Israeli soldiers prepare medical equipment at an abandoned medical center used as a field hospital near Kahramanmaraş, Turkey, to treat victims of an earthquake, February 10. 2023. (Israel Defense Forces)

Meanwhile, 140 doctors, nurses, pharmacists, technicians, paramedics and logistics personnel from the Israeli military, Health Ministry and Magen David Adom ambulance service began operating a field hospital near Kahramanmaraş, using an abandoned medical center building.

The IDF said the delegation had made the center’s ER, ICU and operating rooms operational again in order to treat victims of the earthquake.

The chief of the Home Front Command, Maj. Gen. Rafi Milo, paid a visit to the teams on Thursday, and was briefed on the ongoing operations.

The military has dubbed the aid operation “Olive Branches.”

IDF search and rescue teams work to find survivors after an earthquake in Turkey on February 9, 2023. (Israel Defense Forces)

The IDF Home Front Command is regularly dispatched around the world to assist in natural disasters, including earthquakes, wildfires, flooding, and building collapses.

The Israeli military field hospital is also regularly dispatched to disaster zones to provide humanitarian relief.
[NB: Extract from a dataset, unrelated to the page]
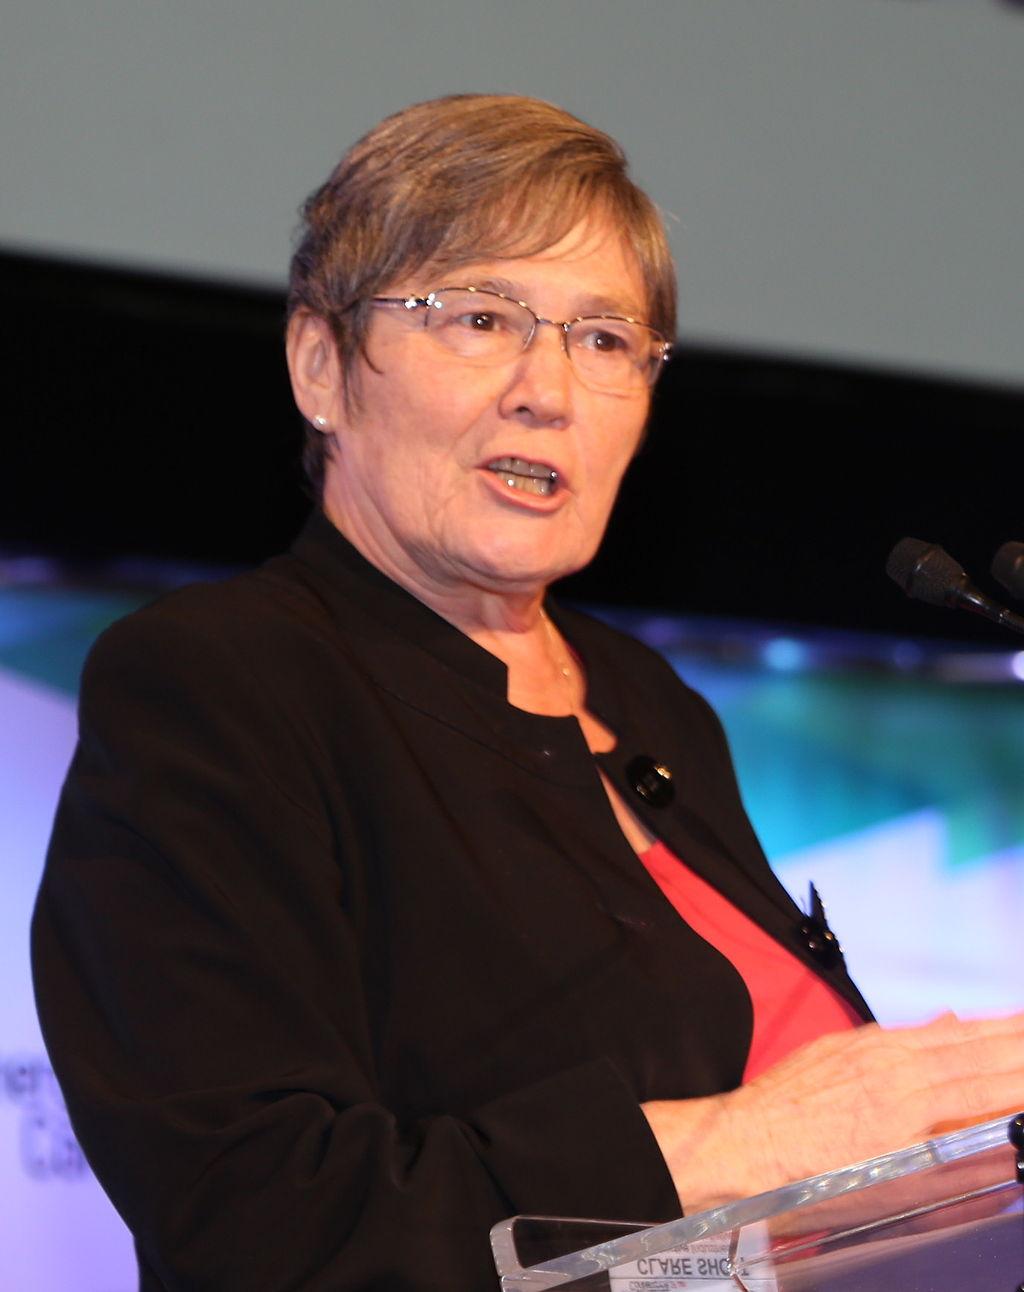 Clare Short, ex-Labour MP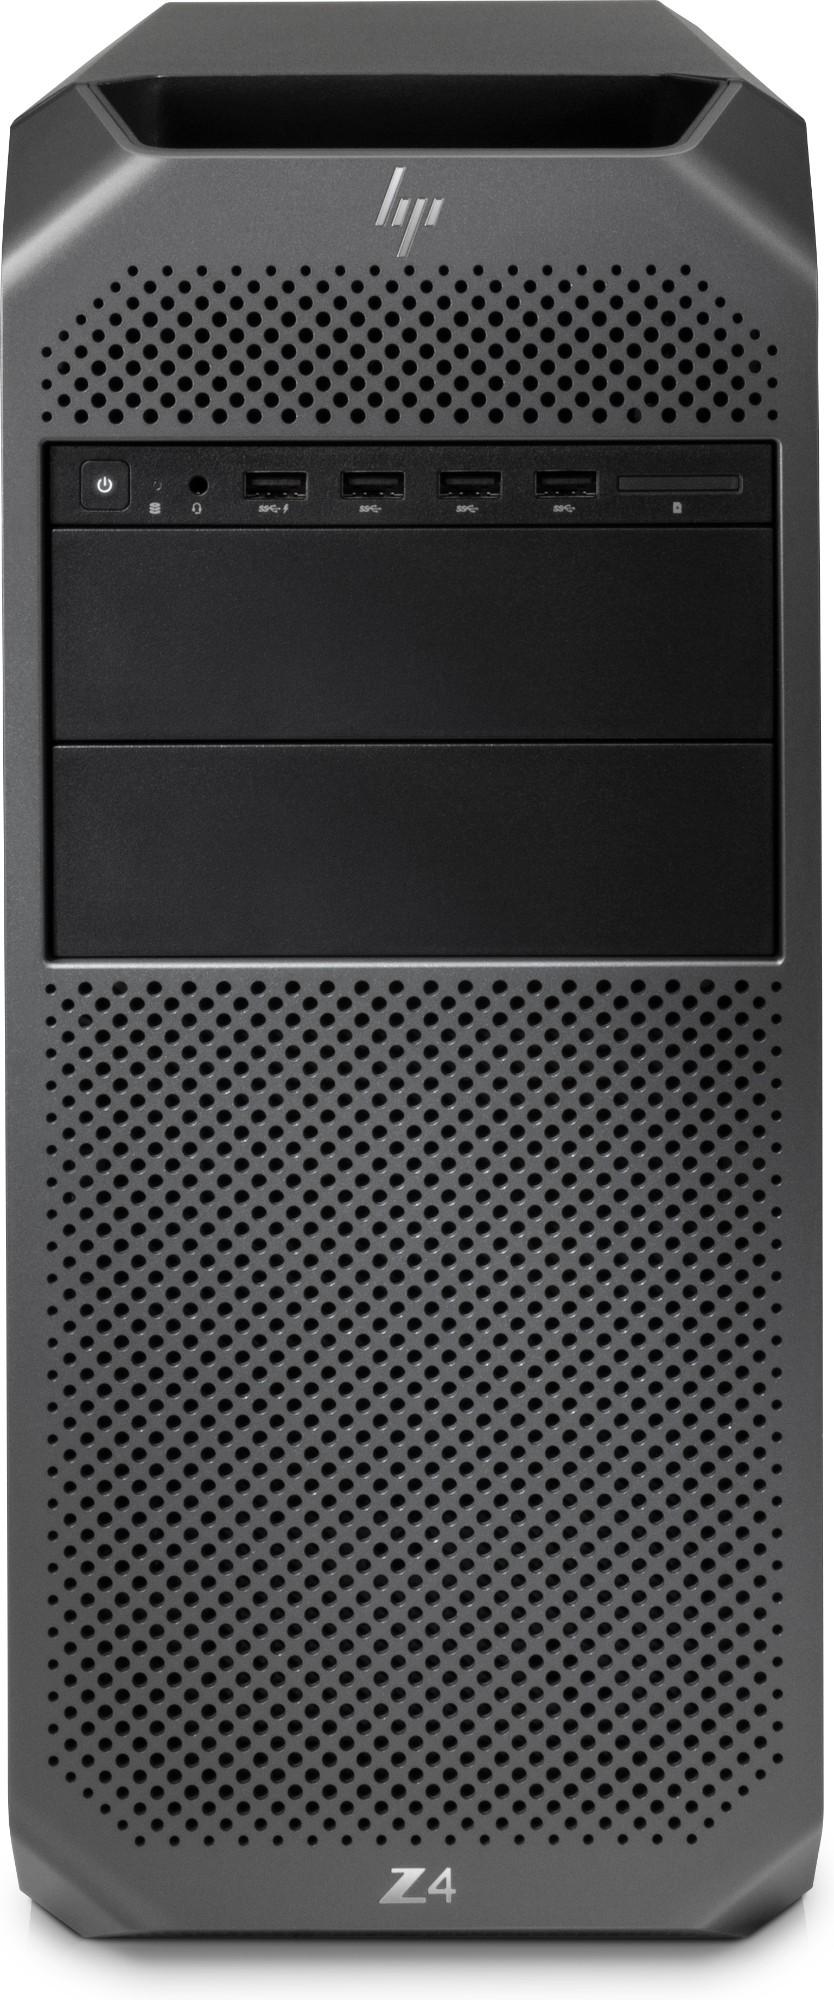 HP Z4 G4 Intel Xeon W W-2223 16 GB DDR4-SDRAM 1256 GB HDD+SSD Tower Black Workstation Windows 10 Pro

Prime Minister Benjamin Netanyahu said Monday that Israel also plans to send aid to Syria, including tents, medication, and blankets. But Syrian sources vigorously denied requesting aid from Israel, and IDF spokesman Ran Kochav told reporters that the military was not involved in potential aid to Syria.

This aerial view shows a collapsed building during ongoing searches in Hatay, southeastern Turkey, on February 9, 2023, two days after a strong earthquake struck the region. (DHA/Demiroren News Agency/AFP)

Israel considers Syria a hostile state, and the two do not have diplomatic ties. However, during the neighboring country’s bloody civil war, the IDF carried out a massive humanitarian operation to aid Syrian civilians.

The earthquake death toll was over 21,000 people in both Turkey and Syria as of Friday morning.

Hundreds were still believed to be trapped under rubble, and the toll was expected to rise as rescue workers searched through mounds of wreckage in cities and towns across the area.